Where is this memory usage coming from? The only large memory usage should be initializing bin2 as a 10^8 int list. Nothing else should be increasing the memory usage, under the assumption that all the local variables in mul_inv are garbage collected.

Solution

Oops, it's a bad case of the optimization for lists of integers. The problem is that this starts as a list of ints:

bin2 = [0] * L

This is internally stored as an array of ints. It's usually much more compact, even though in this case it doesn't change anything---because on CPython it's a list containing L copies of the same object 0.

But the problem is that pretty soon, we store a long in the list. At this point, we need to turn the whole list into the generic kind that can store anything. But! The problem is that we see 100 million zeroes, and so we create 100 million 0 objects. This creates instantly 3 GB of memory pressure for nothing, in addition to 800MB for the list itself.

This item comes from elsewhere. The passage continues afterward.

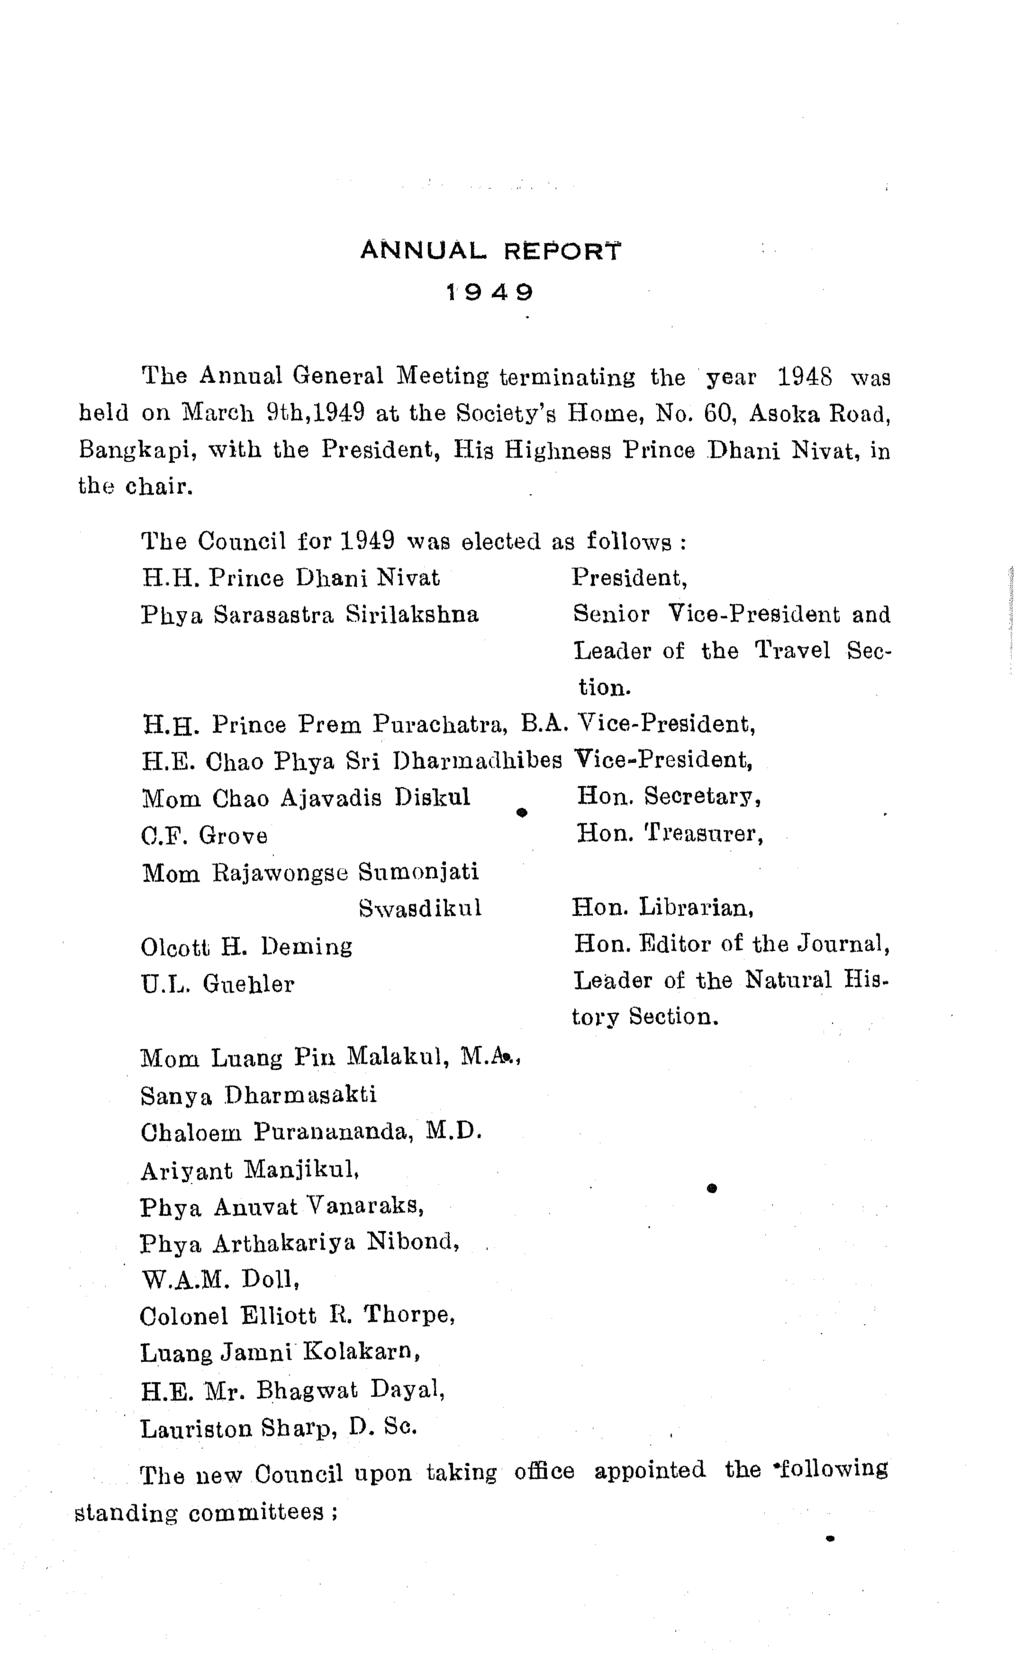 ANNUAL RE:PORi 19 49 The Annual General Meeting terminating the year 1948 was held on March 9th,1949 at the Society's Home, No.

We can check that the problem doesn't occur if we initialize the list like this, so that it really contains 100 million times the same object:

bin2 = [0L] * L     # Python 2.x
bin2[0] = 1

That said, in your example you don't need the list to contain 100 million elements in the first place. You can initialize it as:

bin2 = [1]

and use bin2.append(). This lets the program start much more quickly and without any large memory usage near the beginning.

Note that PyPy3 still uses more memory than CPython3.